Dear Mr. Smith—: / I do not mind losing the Papiniano, but I shall miss the [Barlow] girls. I have been allowing myself to dream that they would consent to live in their house along with us, and play with our girls, and make life gay and innocent and frivolous and refine us, and life us up, and help us to be good so that in time
(the rest of it edited out by the fireside censor)
It is plain that
we should not have felt fre, in Papiniano: we should have had no feeling of
independence. As for me I should have felt that I was treading upon holy ground
all the time, and defiling it with unsanctified feet. That would have angered
me, it would have made me wish that that holy ground
in hell elsewhere
it belonged. I am not grieving about the loss of that sanctuary.
Miraville [another possibility suggested by Smith in his Sept. 5] does seem very attractive. We are a little afraid though that it may not have bed-rooms enough. We occupy 5 although we are but ourselves and two daughters in family. Could you employ some one to pencil off a simple plan of the house marking the sizes of the several rooms? Your brother [Edward Curtis Smith] drew a plan of Papiniano for us which explained the house perfectly. It showed us that we could have 9 bed rooms, besides servant rooms.
As for myself, I lean toward [Villa] La Luna, so I am waiting, with interest for your letter to come.
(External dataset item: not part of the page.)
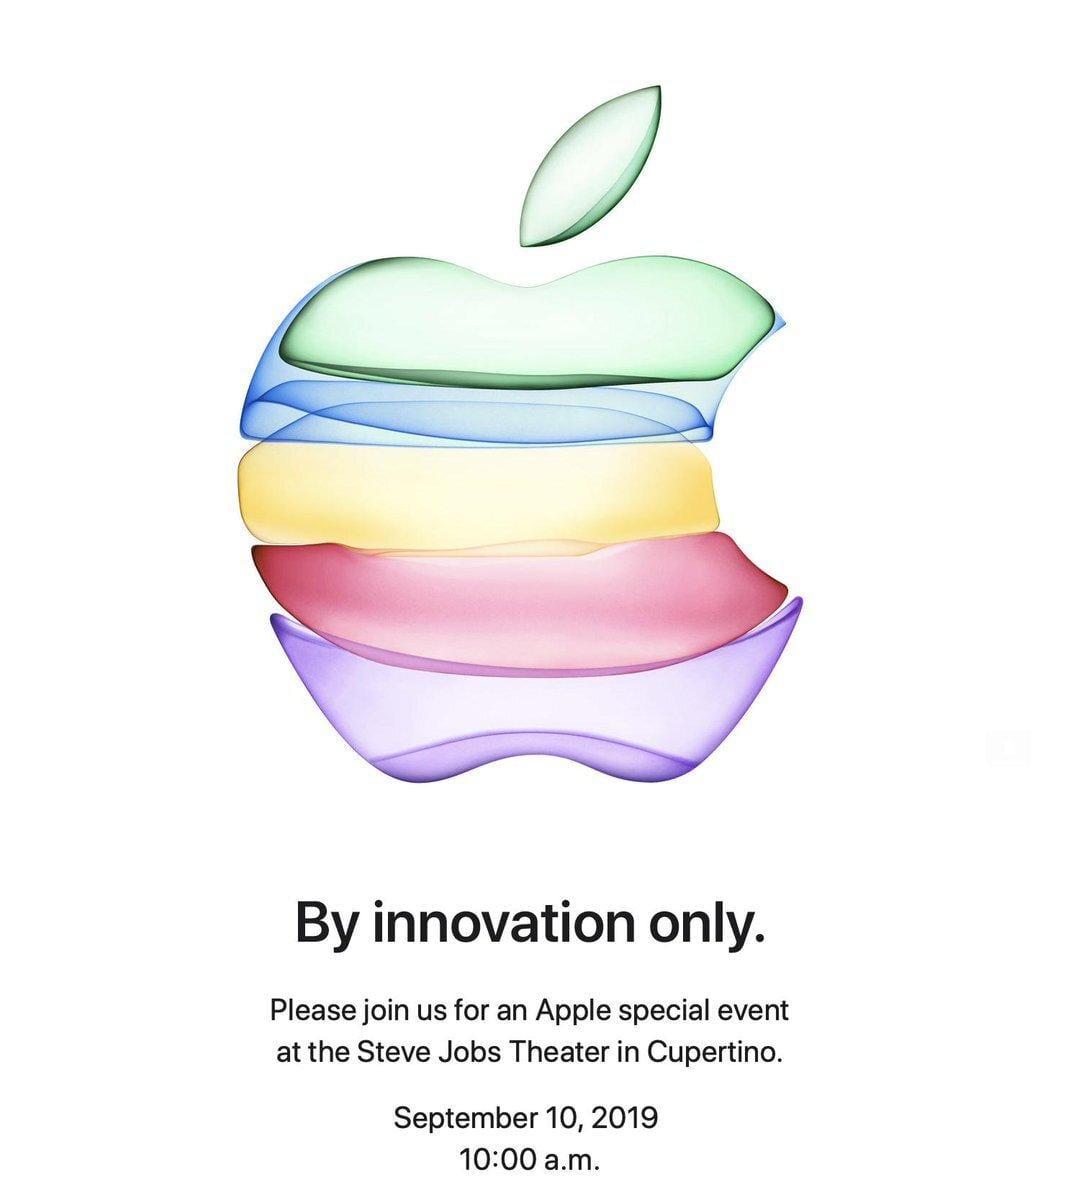 iPhone 11 и что ещё покажут на презентации Apple 10 сентября? (168)

We are just as grateful to you as we can be, for taking all this trouble for us; and also for vouching for us financially so kindly and heartily; we thoroughly appreciate it. I mean to instruct the bank to send u100 to meet some of the outlays and a possible first payment on some Villa. Of course if it should be an expensive one I will at once send more.
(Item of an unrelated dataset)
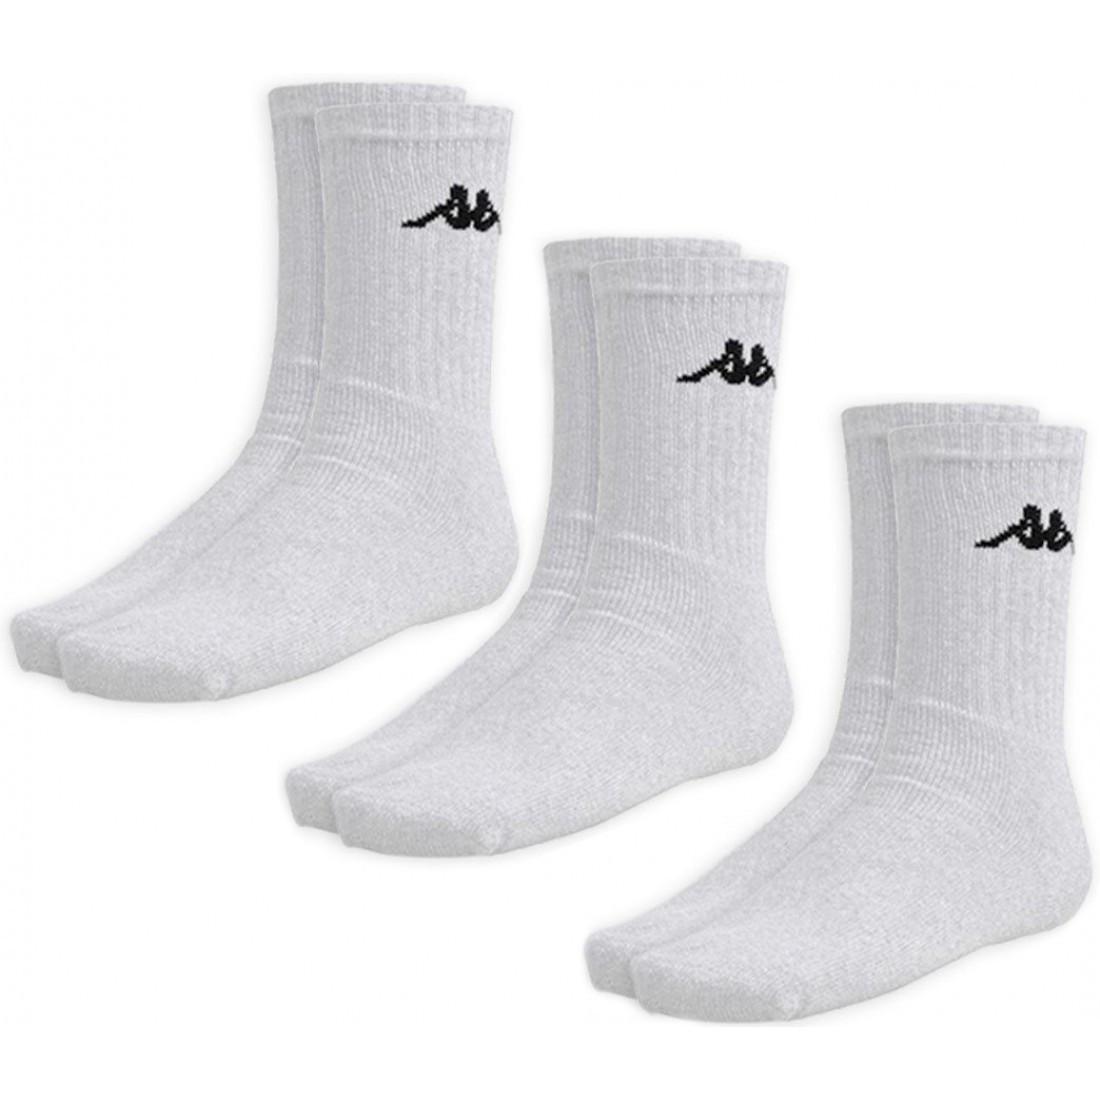 Носки Kappa socks белые (3-пары) (303WIG0901)

It hurts me, that the [Barlow] girls should have made that unkind remark about contagious diseases, for it was unjust and undeserved. I give you my word I am the only person in this family that is addicted to them in anything like an intemperate and profligate way, and with the blessing of God I am breaking myself gradually, insomuch that I have hardly any of them this week. Sulphur is all I am using now. / Sincerely yours…[Orth 36; MTPO]. Note: Sam’s response suggests he knew the Misses Barlow.
Sam’s notebook: “Shylock Bliss stands out for his trifle of royalties” [NB 46 TS 24].
The Washington Times, p.5, ran an article with Sam’s Sept. 1 letter to Mark Bennett of the World’s Fair offices, St. Louis.
TWAIN WOULD RIDE WITH MONK’S GHOST
Great Humorist Who Immortalized Stage Driver Talks of St. Louis Exhibit.
That stage driver of the pioneer days played an important part in the development of the great West, and fairly won a place in the national history, is evidenced by the deep interest that has been aroused by the announcement that the Hank Monk relics will be exhibited by Nevada at the World’s Fair, St. Louis.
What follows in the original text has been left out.